Google Play Requirements Belong in Product Planning

Google Play’s target API level guidance says that starting August 31, 2025, new apps and app updates must target Android 15, API level 35, or higher. Existing app availability also has requirements, and teams should check the latest official guidance for exceptions and extension rules before each release.

Raising the target API level is not just a one-line build change. It can affect permissions, notifications, background execution, storage, media access, SDK compatibility, privacy declarations, store listings, and review-sensitive wording. For commissioned development, the contract should specify who handles future API requirement changes, support windows, and post-release maintenance.

16 KB Page Size Support Starts With Native Dependencies

Android Developers explains that starting November 1, 2025, new apps and updates submitted to Google Play and targeting Android 15 or later devices must support 16 KB page sizes on 64-bit devices. Apps written only in Kotlin or Java generally already support 16 KB devices, but apps using NDK libraries directly or through SDKs need verification.

Maps, payments, ads, analytics, image processing, games, audio, encryption, and proprietary SDKs may include native libraries. Use APK Analyzer to check for .so files, then test with a 16 KB environment through an emulator or supported device. If older NDK versions or prebuilt shared libraries are involved, check the provider’s support status and plan rebuilds or replacements early.

Do Not Delay Adaptive UI and Accessibility

Android devices vary widely in size and posture. A phone-only portrait design can leave tablet and foldable experiences stretched, sparse, or hard to operate. Plan compact, medium, and expanded layouts from the beginning. Decide how navigation, list-detail screens, forms, images, dialogs, and input behavior change as the available width changes.

Accessibility should be handled with the same discipline.

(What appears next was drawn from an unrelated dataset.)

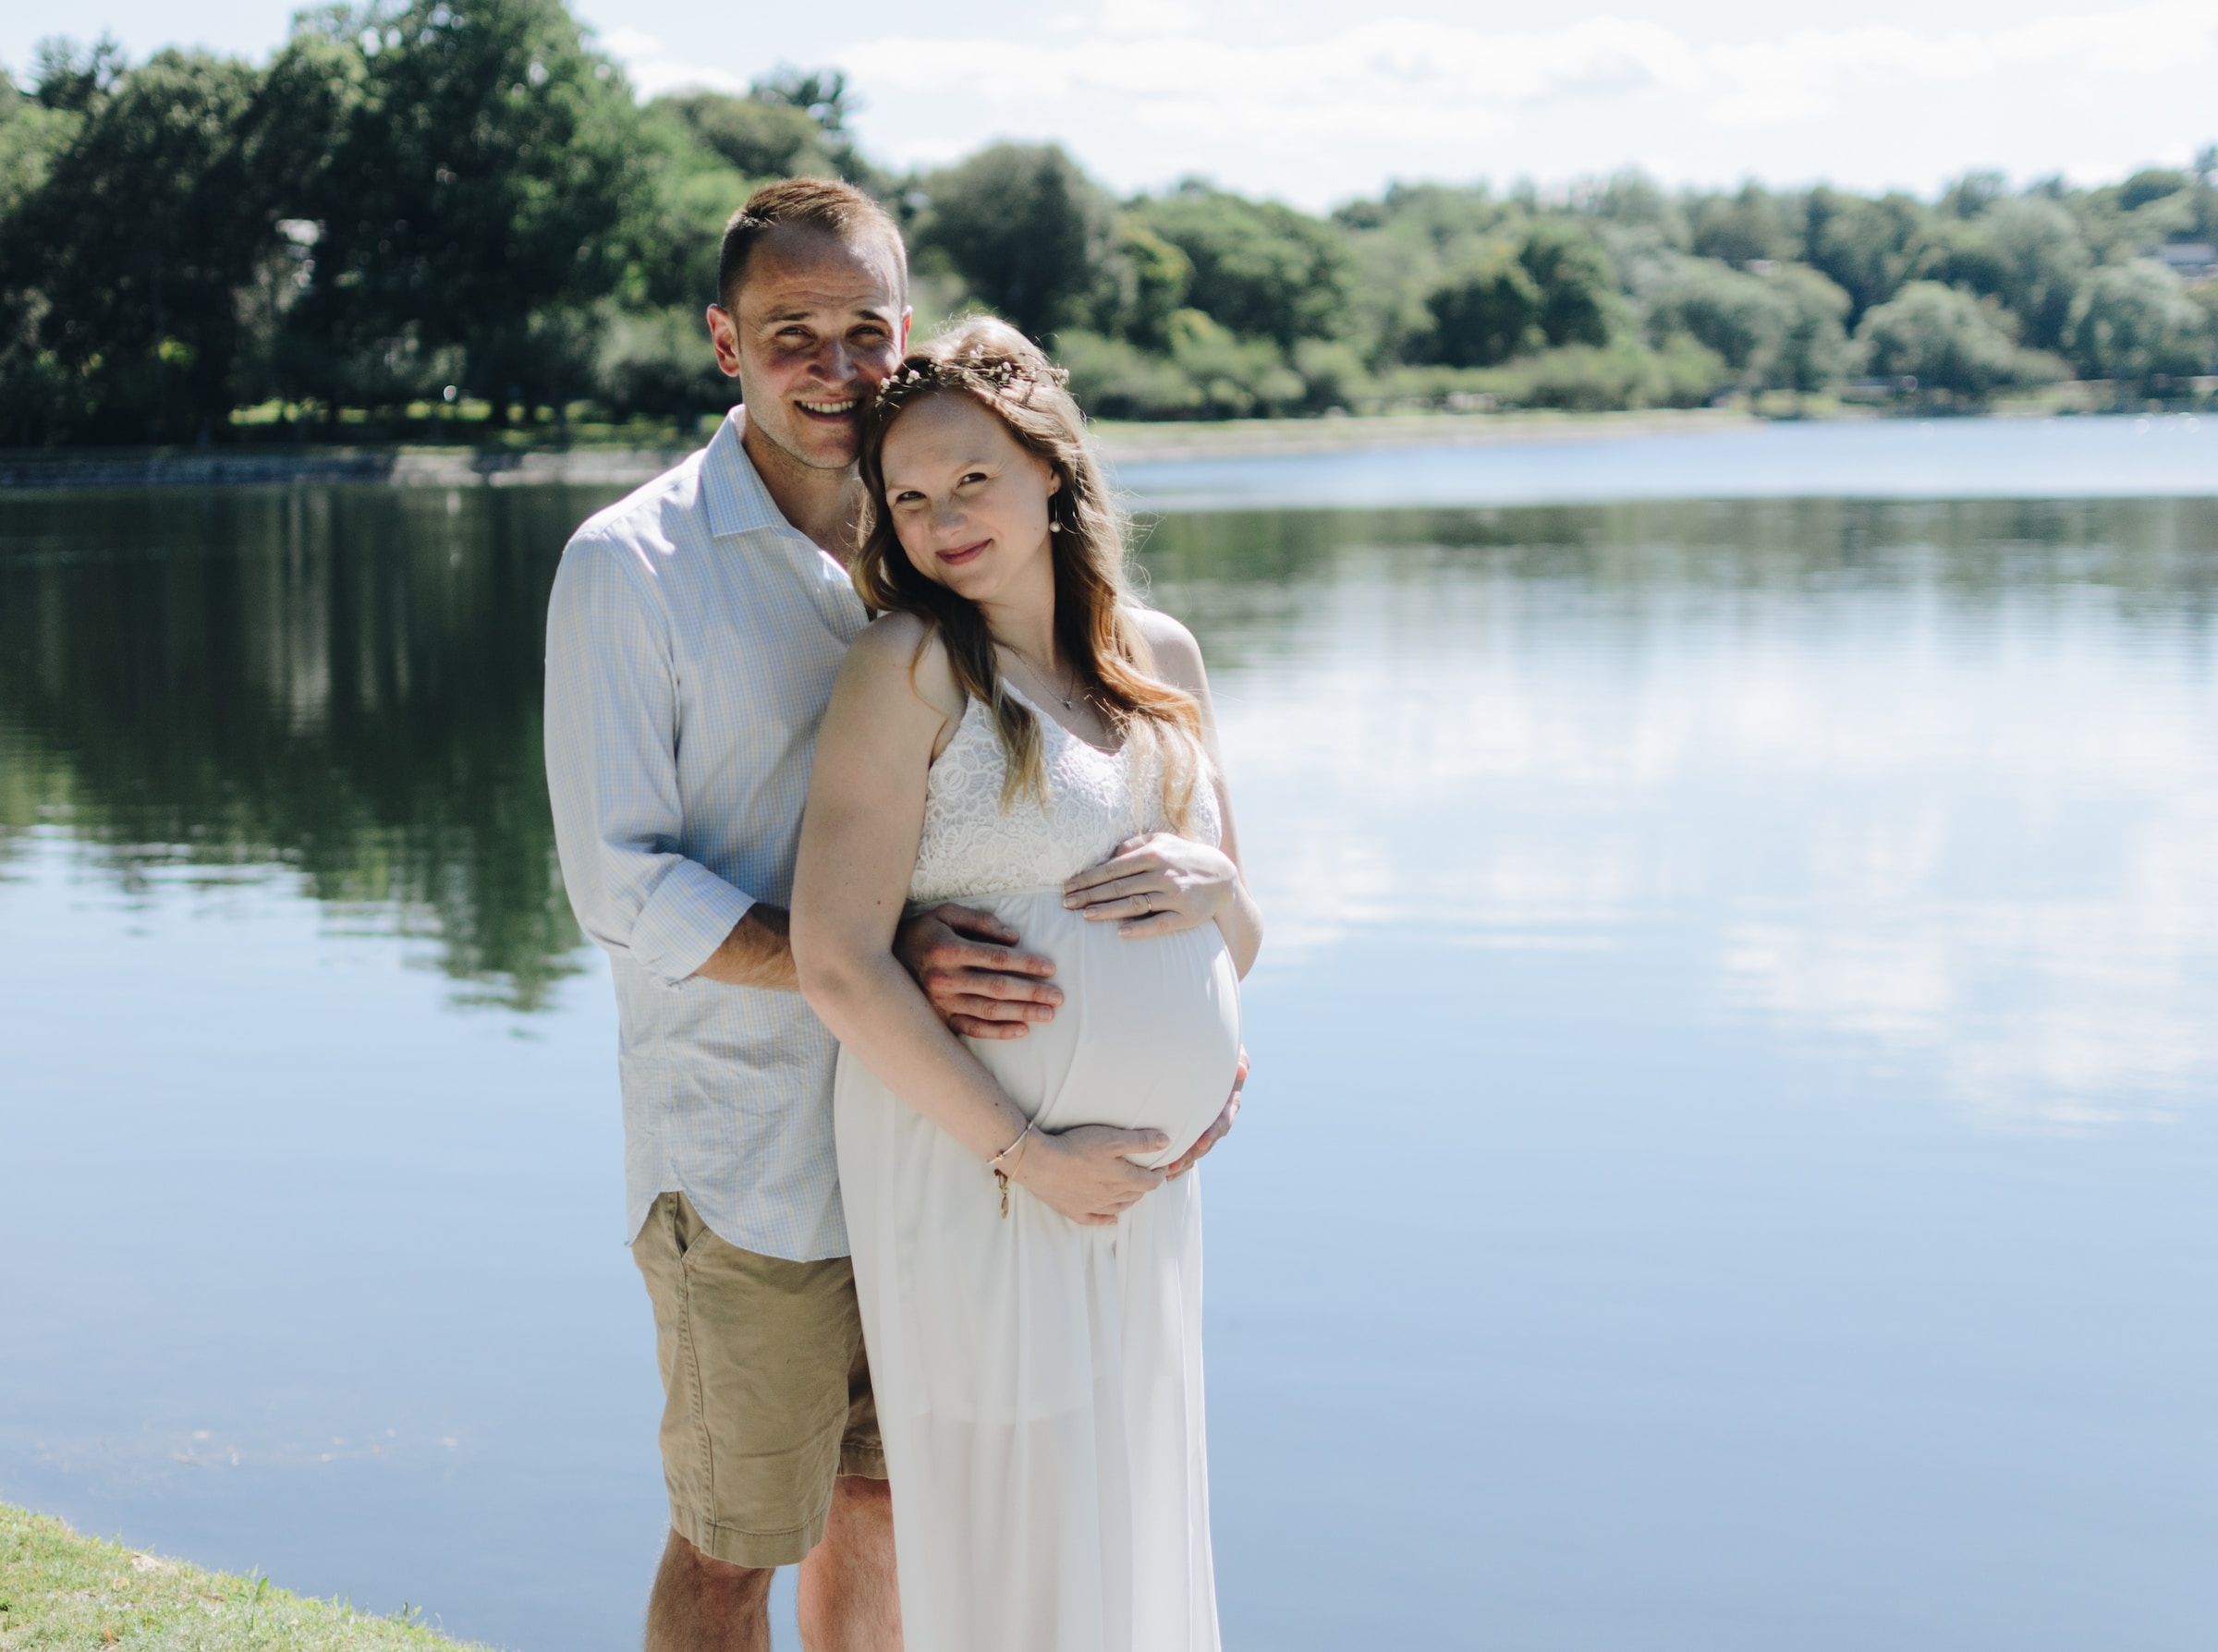 A man with his pregnant wife | Source: Unsplash

Text scaling, contrast, screen reader labels, focus order, touch targets, and error copy are far cheaper to solve in the component system than at the end. Compose provides semantics and testing APIs that help structure UI meaning for assistive technologies and automated tests. This is a quality and maintainability issue, not only a courtesy.

Practical Checklist

Area What to Check Evidence to Keep
Planning Users, use cases, device scope, distribution path User stories, success metrics, constraints
Design Navigation, permissions, offline behavior, data ownership, failure recovery Screen flows, API design, state transitions, error policy
Implementation Kotlin, Compose, architecture, SDK dependencies, testing approach Code, review records, unit tests, UI tests
Compatibility Android 16, target API, 16 KB page size, screen sizes Device matrix, compatibility notes, crash logs
Release Google Play requirements, store listing, privacy, staged rollout Release checklist, release notes, monitoring plan
Operations OS updates, SDK updates, support, incidents, maintenance scope Runbook, responsibility boundaries, update plan

FAQ

Should a new Android app use Kotlin and Compose?

For many new projects, yes. Kotlin is well supported in Android Studio, and Compose fits modern UI and adaptive layouts. Existing assets, team experience, required SDKs, and deadlines may still justify keeping some view-based screens while introducing Compose gradually.

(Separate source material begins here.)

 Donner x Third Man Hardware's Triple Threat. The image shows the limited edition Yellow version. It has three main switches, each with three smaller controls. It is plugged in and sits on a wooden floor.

What should be checked first for Android 16 readiness?

Review the official behavior changes, target SDK impact, key user flows on real devices or emulators, and third-party SDK support. Notifications, permissions, background work, media access, and screen sizes can vary by app.

Does every app need 16 KB page-size work?

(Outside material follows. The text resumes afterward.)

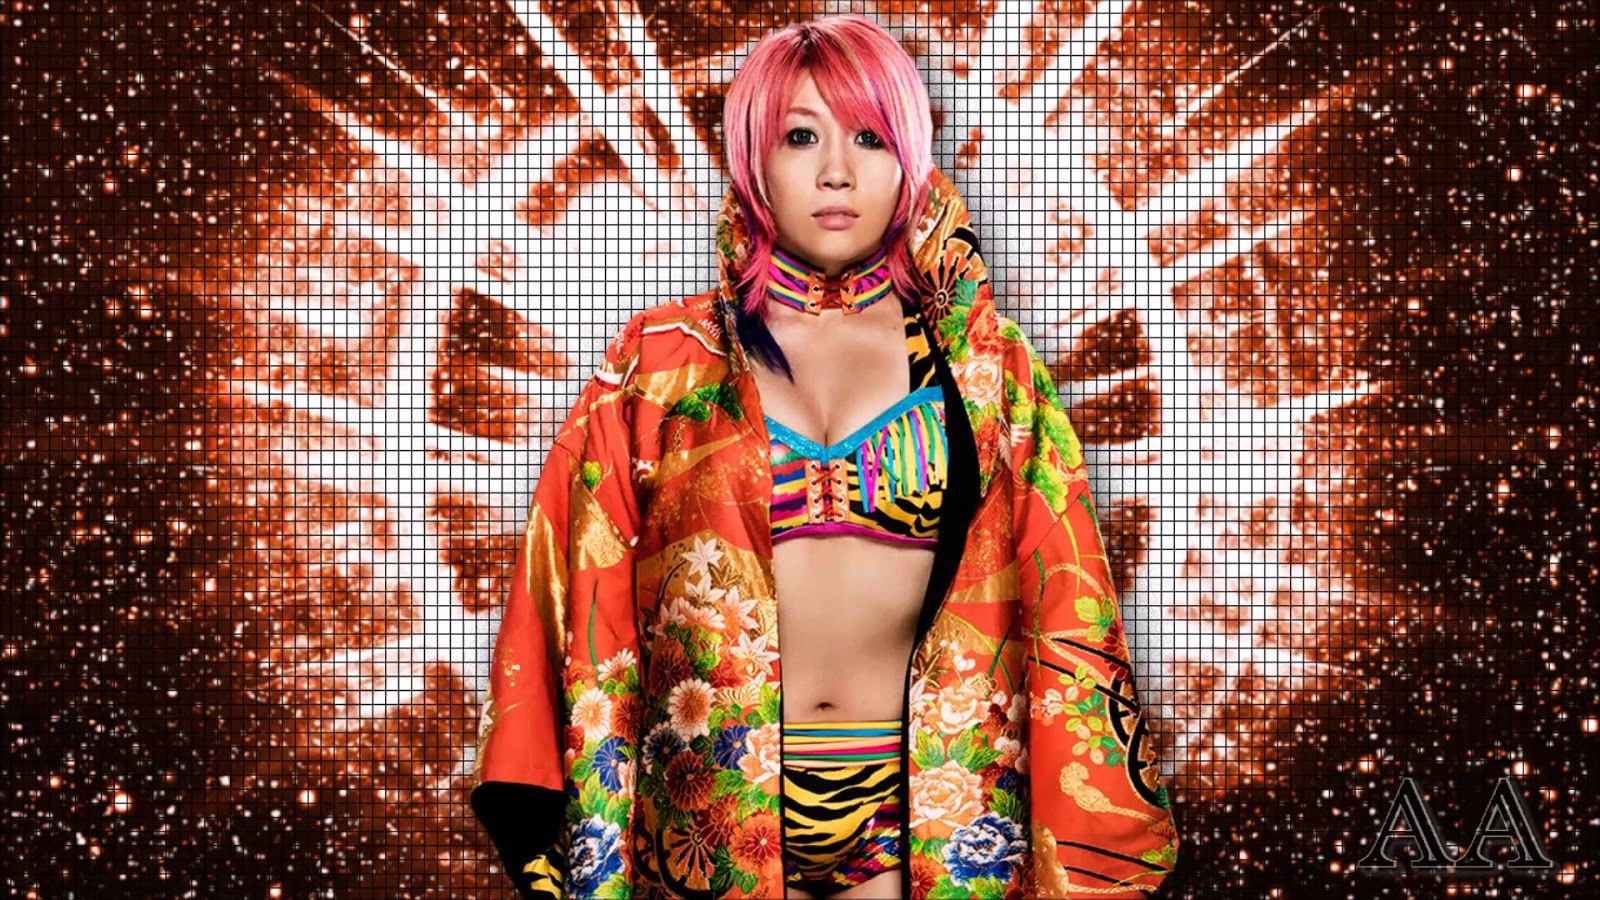 Superstar Stock Market: Undefeated Asuka Ready for Main Roster?. Smark Out Moment

Apps that fall under the Google Play requirement should verify compatibility. Kotlin-only or Java-only apps generally already support 16 KB devices, but apps that include native code or SDKs with native libraries need build and testing checks.

What is often missed in commissioned Android development?

Post-release responsibility. OS updates, target API requirements, SDK updates, store review issues, crash fixes, and support should have clear owners and scope before launch.